The United States Agency for International Development (USAID)-funded Africa Research in Sustainable Intensification for the Next Generation (Africa RISING) research-for-development project in West Africa, which is led by the International Institute of Tropical Agriculture (IITA), partnered with Ghana’s Council for Scientific and Industrial Research (CSIR) to organize a short course in June 2013 for 15 female scientists. The scientists, drawn from 12 CSIR research institutions and universities in Ghana, participated in a two-week workshop on experimental design and data analysis.
The workshop was designed to help address the inefficiencies in research data analysis and interpretation and presentation of results. The timing of the training was critical, as it came immediately following a recent survey that revealed that over 90% of researchers had difficulty writing up their research for publication.

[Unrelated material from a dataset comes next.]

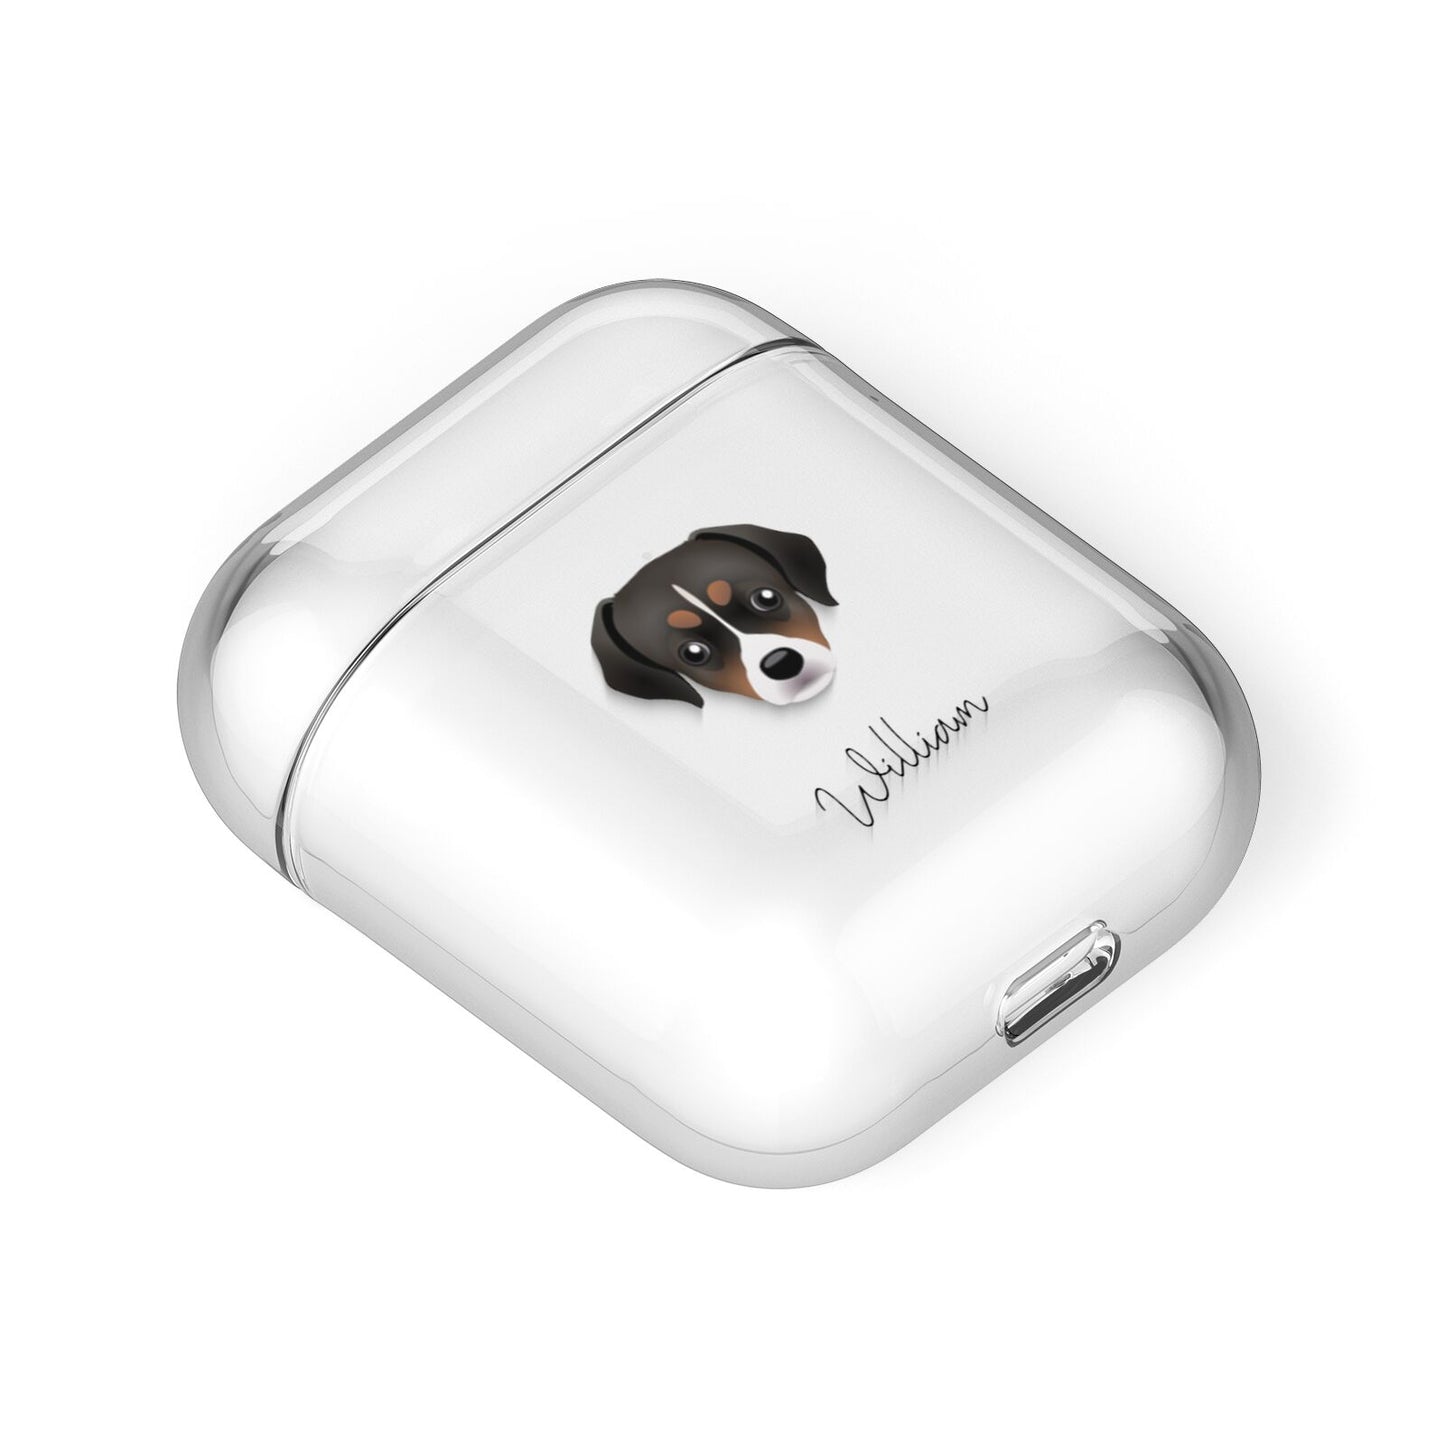 Cheagle Personalised AirPods Case Laid Flat

The survey, conducted by the Netherlands-based Technical Centre for Agricultural and Rural Cooperation (CTA) in sub-Saharan Africa, also showed that 40% of manuscripts submitted for publication in journals are rejected.
Opening the workshop, the director general of CSIR, Abdulai Salifu, emphasized the importance of quality research publications for the benefit of the scientific community and the public. He urged participants to make the best of the workshop to improve their research output. The Deputy Director General of CSIR, Rose Emma Mamaa Entsuah-Mensah, who chaired the function, praised the workshop’s focus on female scientists saying it would help ‘promote Ghanaian female scientists.’

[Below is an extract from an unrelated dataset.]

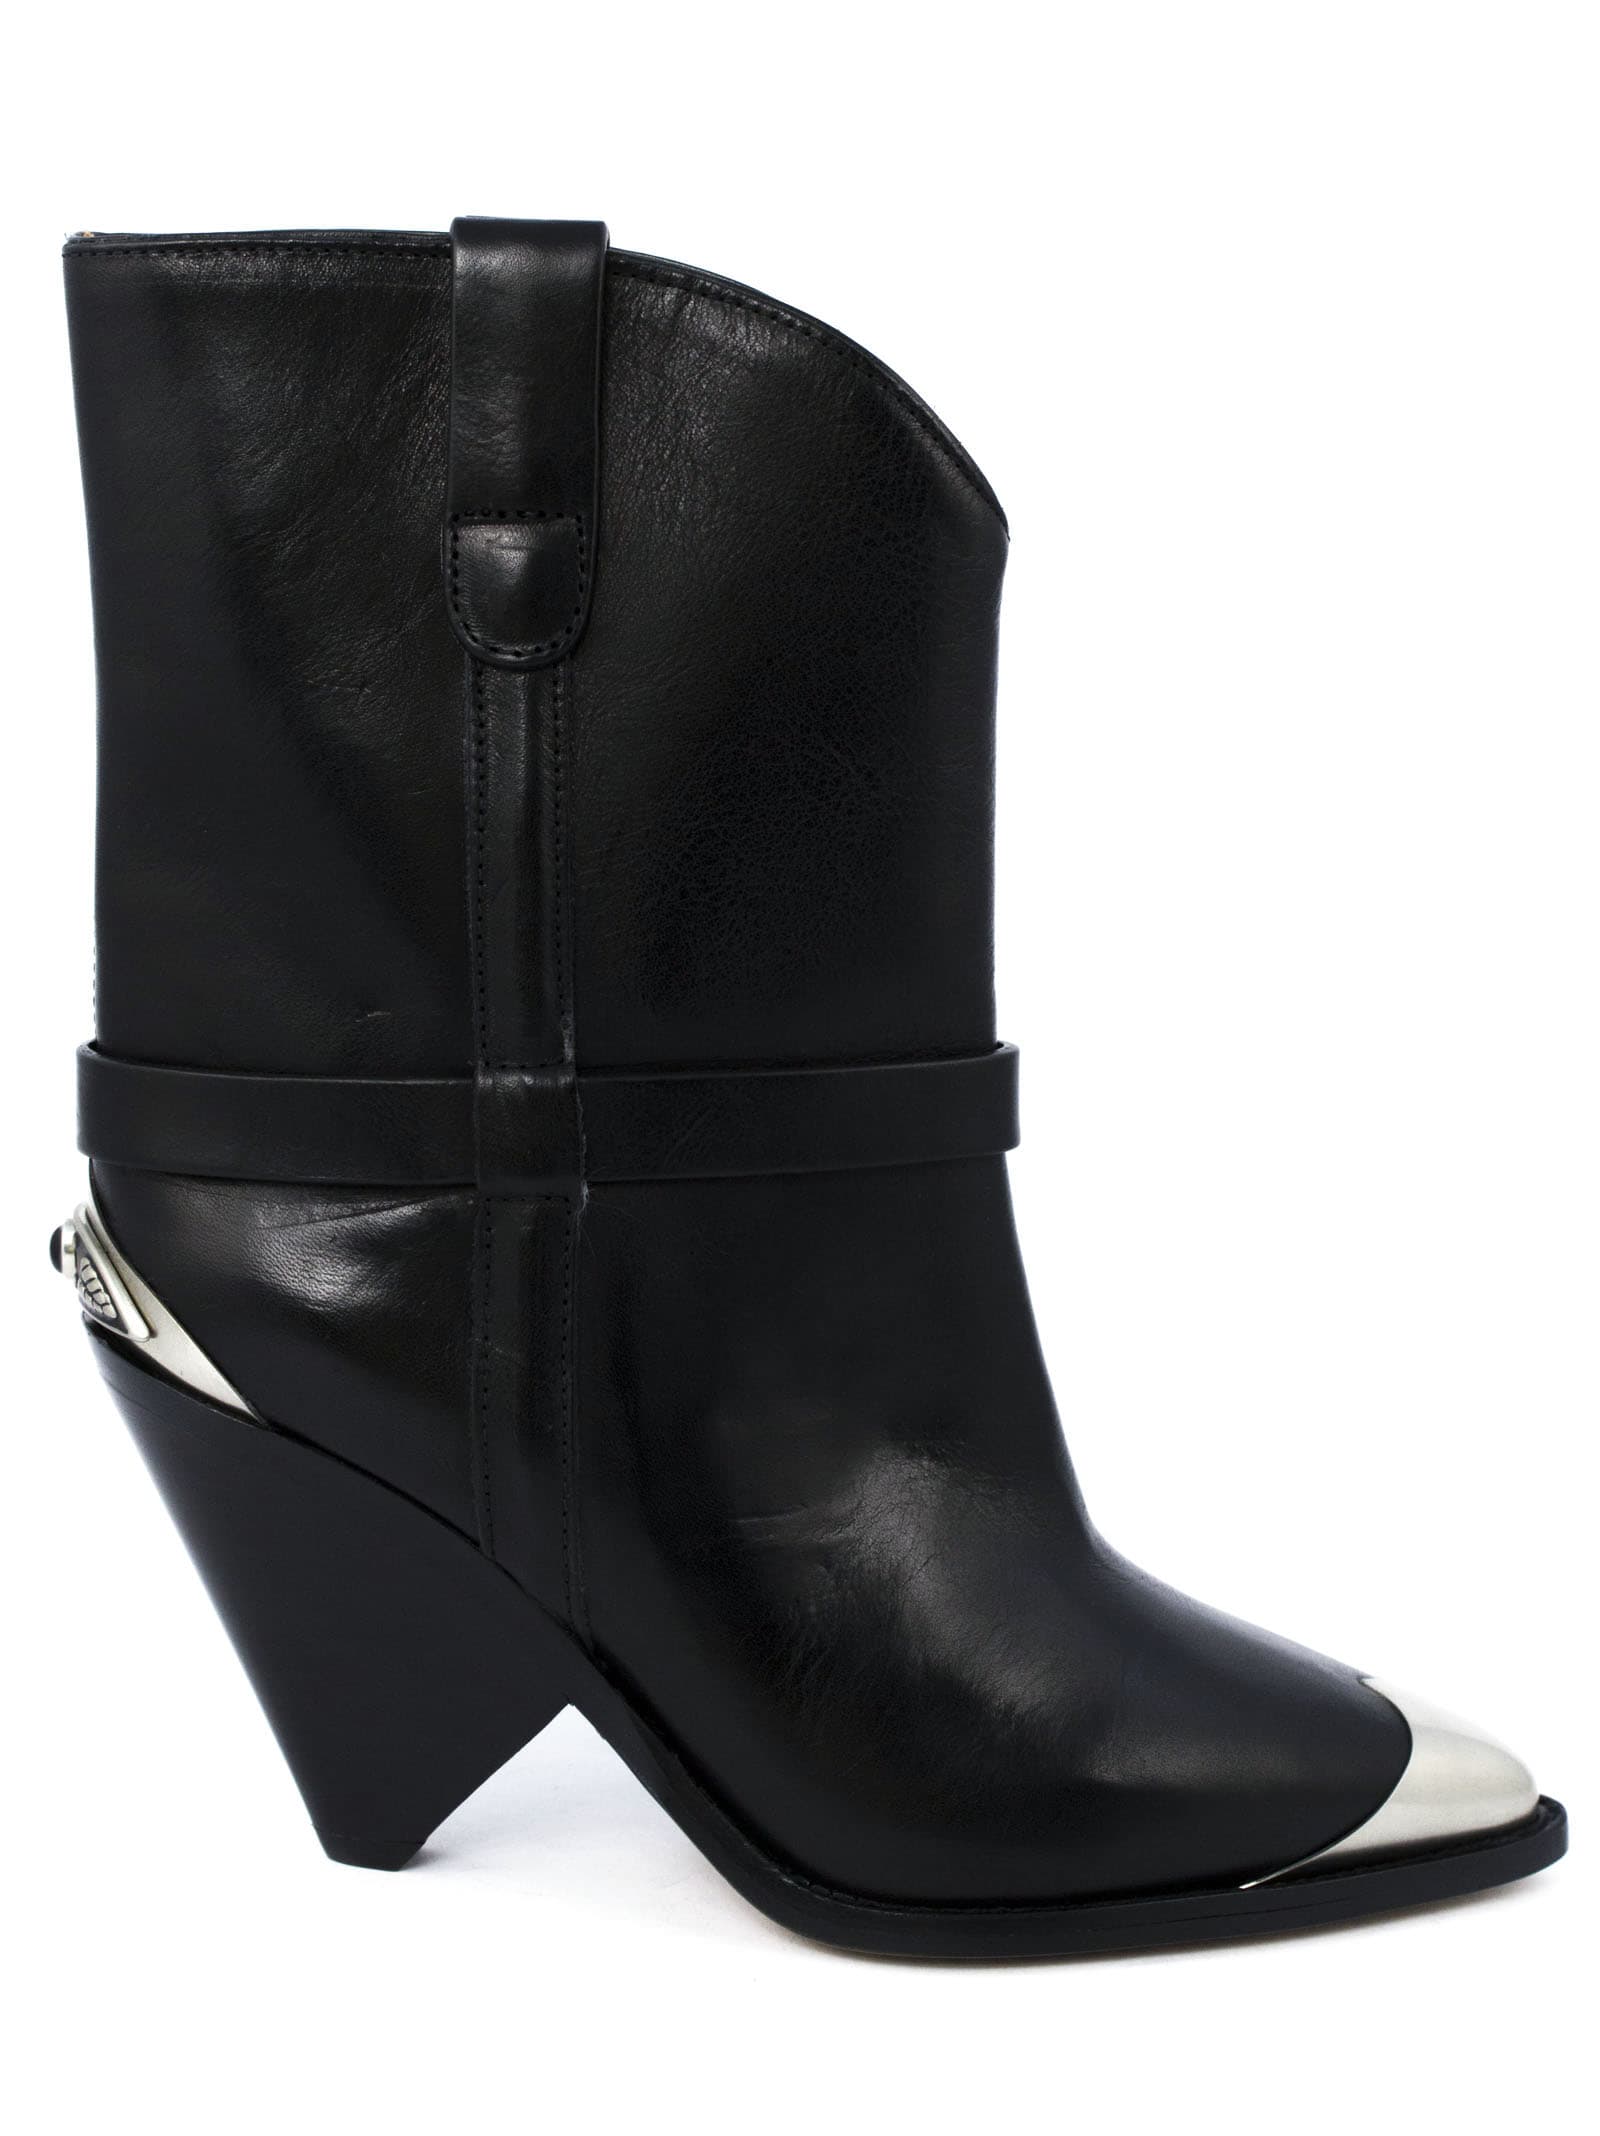 Isabel Marant Lamsy High Heels Ankle Boots In Black Leather | ModeSens

The Africa RISING West Africa chief scientist and country representative of IITA in Ghana, Asamoah Larbi, asked the participants to pay particular attention to proper research design and data analysis to ensure the scientific quality of their research. Participants said the course would help them address difficulties encountered in data collection, analysis and presentation of results. ‘The knowledge gained from this course will help me to carry out experiments and interpret and share outputs with relevant stakeholders,’ one participant said.
As part of the US Government’s Feed the Future initiative aimed at addressing global hunger and food security, USAID is supporting multi-stakeholder agricultural research projects. Such projects are providing support to vulnerable women, children and family members – mostly smallholder farmers – to escape hunger and poverty.